Here Come the Bells

Oxford carrilon under bells

Oxford carrilon under bells by Cindy Funk, on Flickr

It’s spring, 1997. The bell tower at the Carrillon is always nicest this time of year; not only are the hills surrounding this 150-foot tall, 57-belled tower on the southern edge of the city particularly flowing and green and the breeze off of the river particularly sweet (when not after a rain, of course), it’s also among the most beautiful views in town. The museum itself has the air of a place trying to be stuck in time, the last bastion of a city whose memories of Wright Brothers and Dunbars and NCRs are still very fresh and very dear. But the hill itself, with that tower hovering above in the closest thing we have to a Washingtonian monument, is the place where the youngest of lovers go.  At the foot of this hill where the bell-tower rings out for life and love and lust every hour on the hour, this place really belongs to us, the brashest, the exhibitionists trying to shake up the calm of this town full of cars and wide-open roads and rolling hills.

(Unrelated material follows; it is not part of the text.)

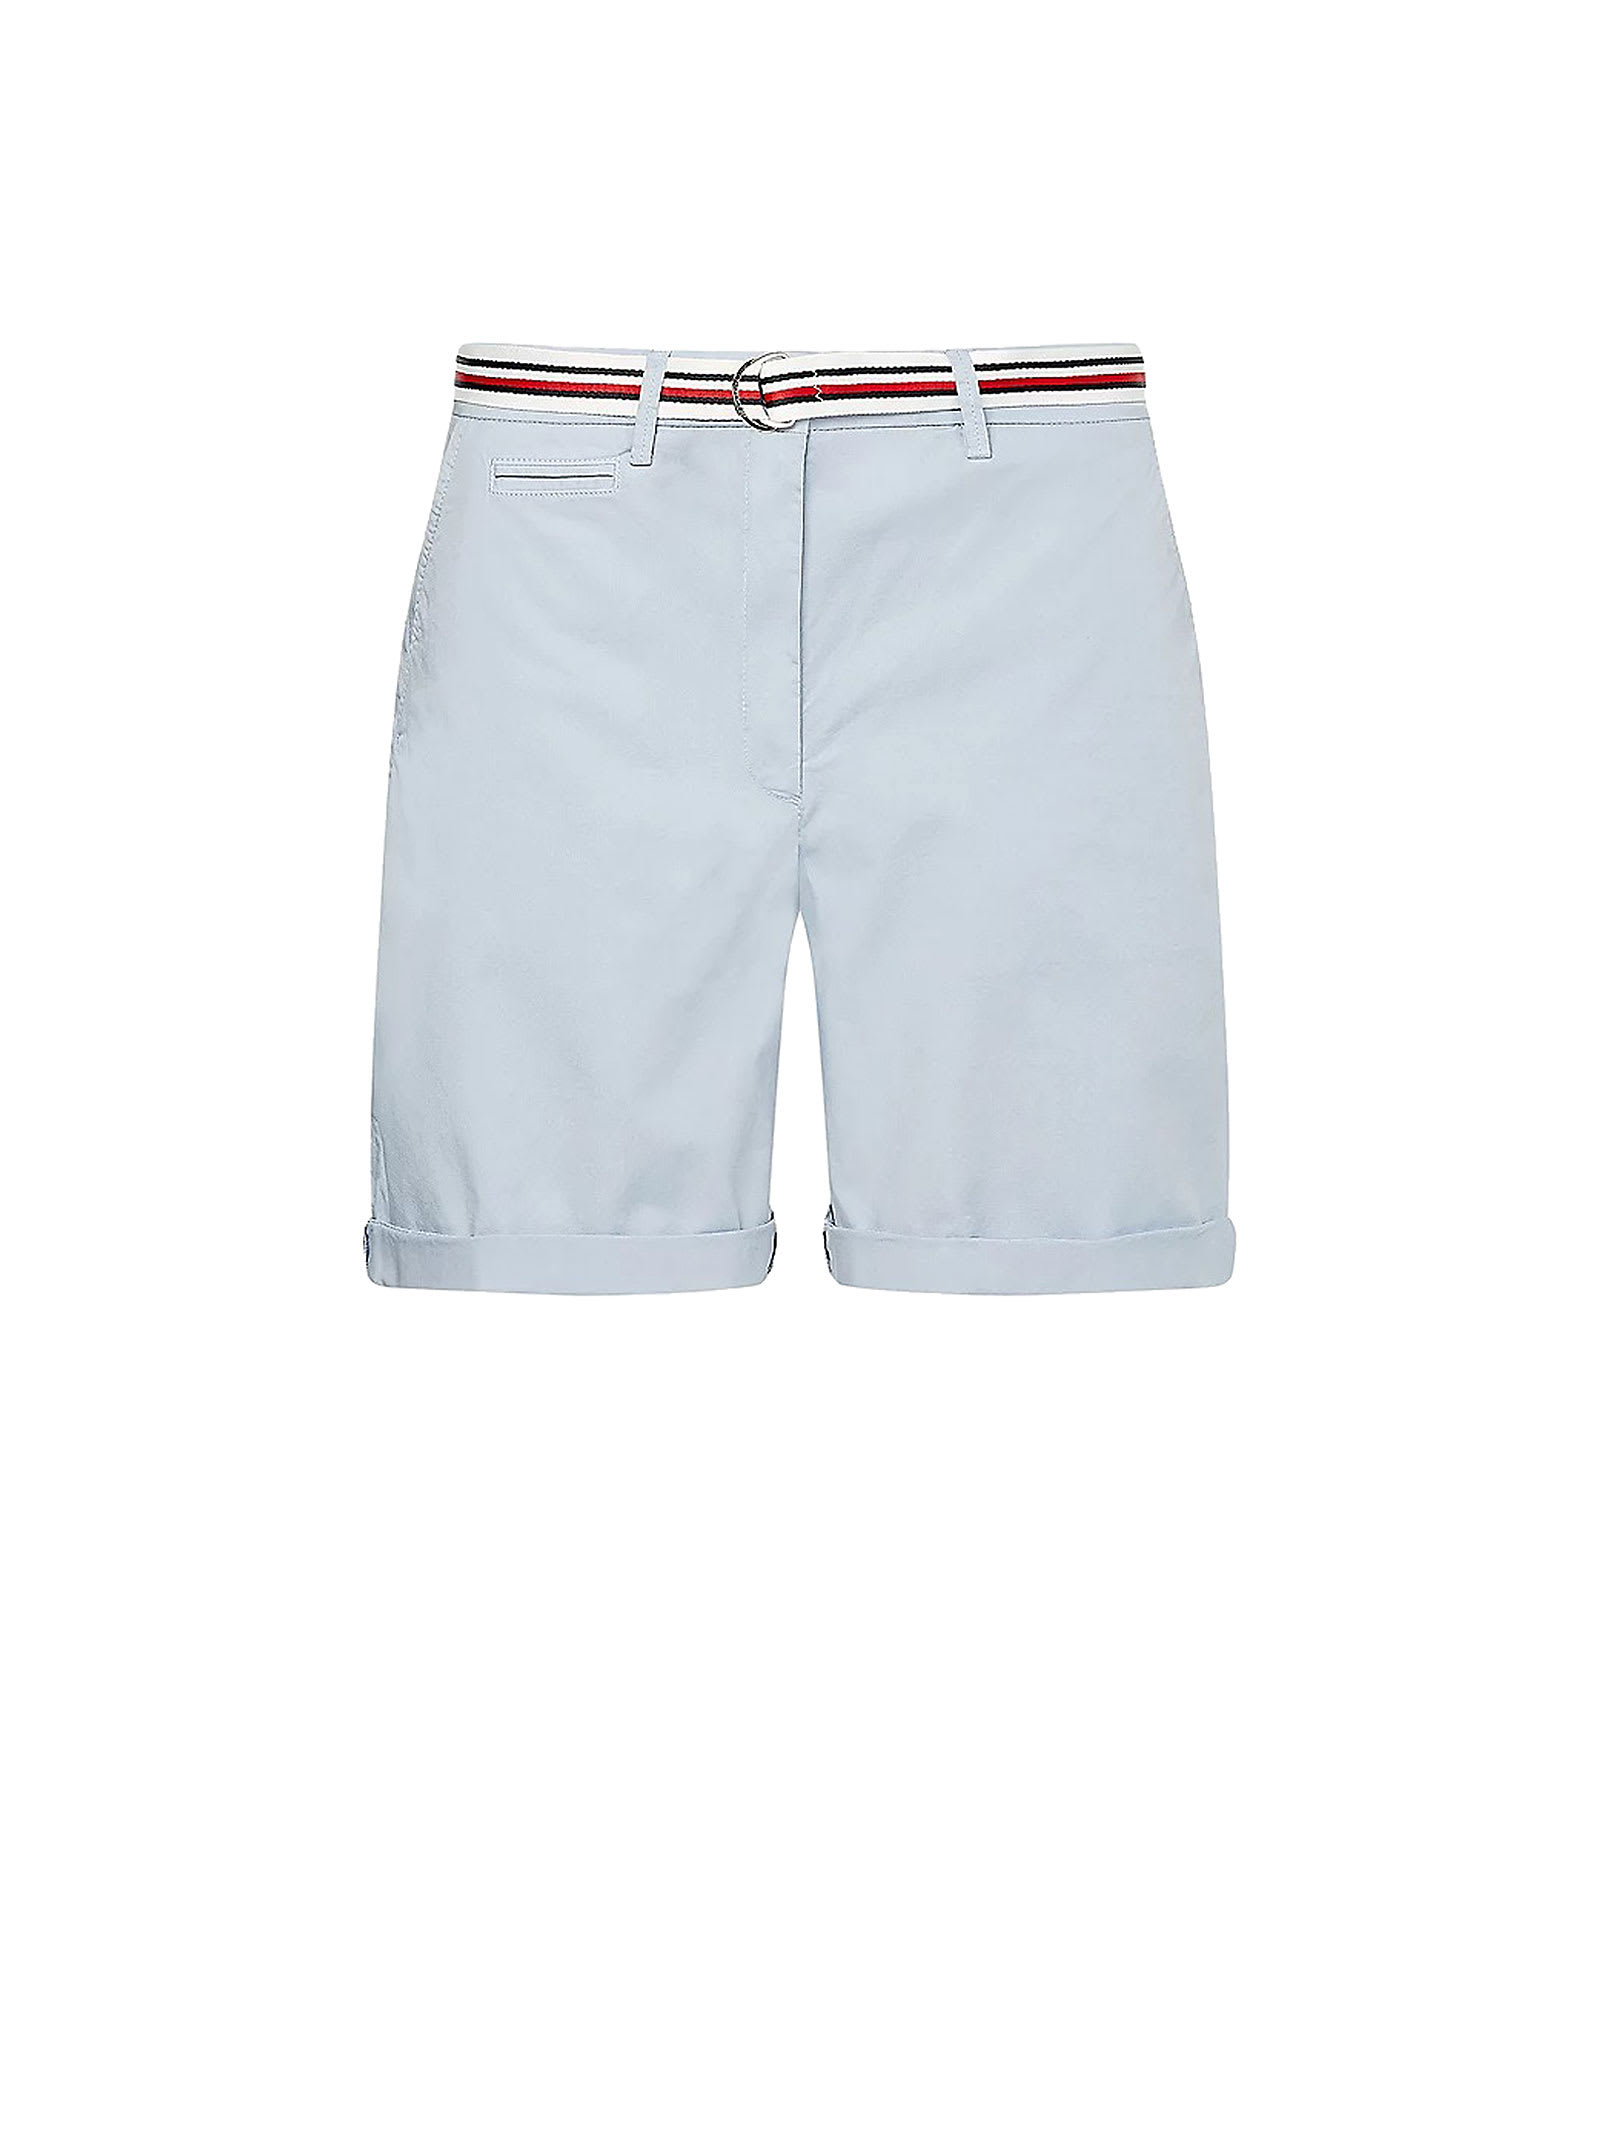 Tommy Hilfiger Bermuda Shorts In Light Blue Colored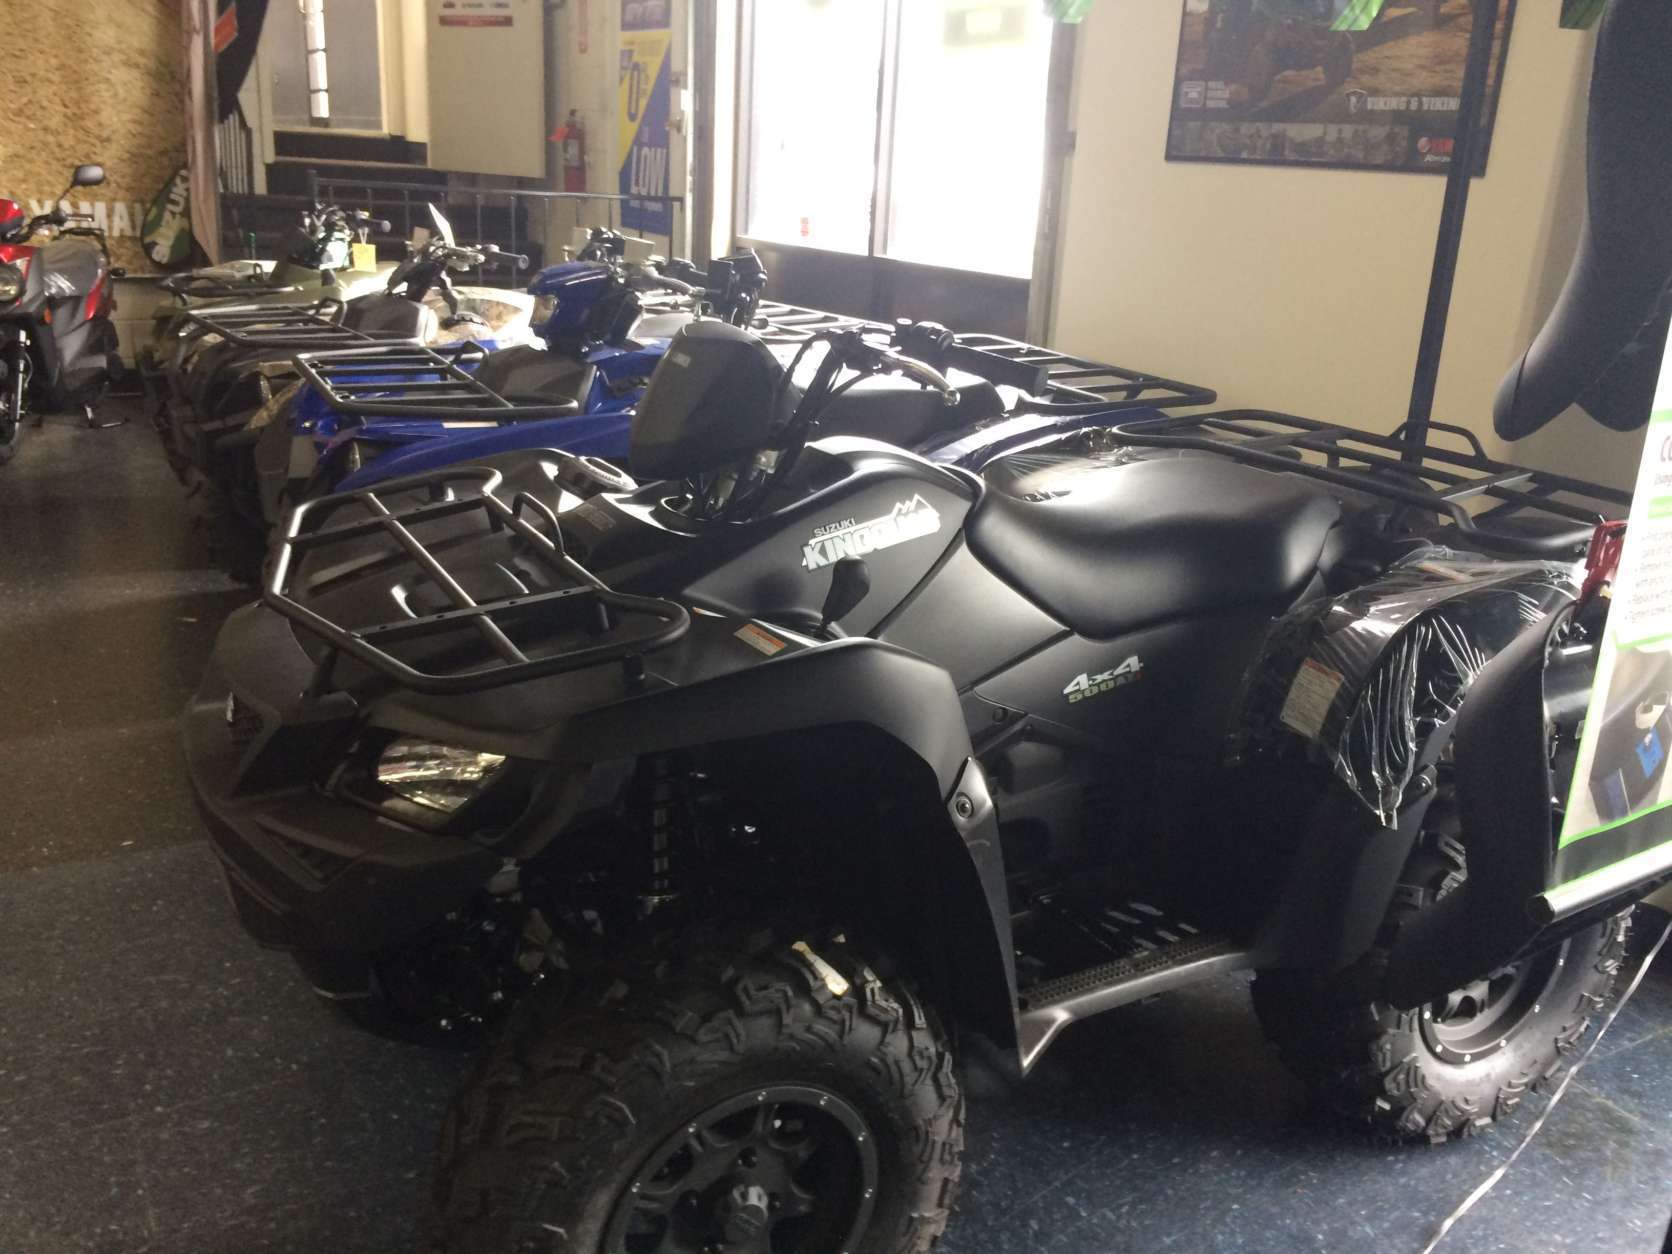 Between 150 and 175 ATVs and dirt bikes were stolen from dealers last year in Maryland, Virginia and Pennsylvania, Johnston said. "We all have sophisticated alarm and camera systems; unfortunately, determined thieves are a problem." (WTOP/Nick Iannelli)

It’s spring, 1997. I’ve been dating this girl now for about three weeks, so we’re still in the mode of finding as many different places to hook up as possible. It’s mid-afternoon, and the bells have just rung a Bach tune. The wind blows. We kiss. An older couple–he’s about thirty, she’s about twenty-two, so old for us– walks by. He grins at me, rasises his fist in the air.

“Yeah, man! Do it! I remember that spot. Good spot, good spot. Get it done!”

It’s spring, 1997. The bells ring a Bach tune, and I’m too young to know that just where I am, right now, so many others–the exhibitionists, the lovers, the Dautonians still home and not sure where they want to go–will do just what I am doing now for years to come. The bells ring on.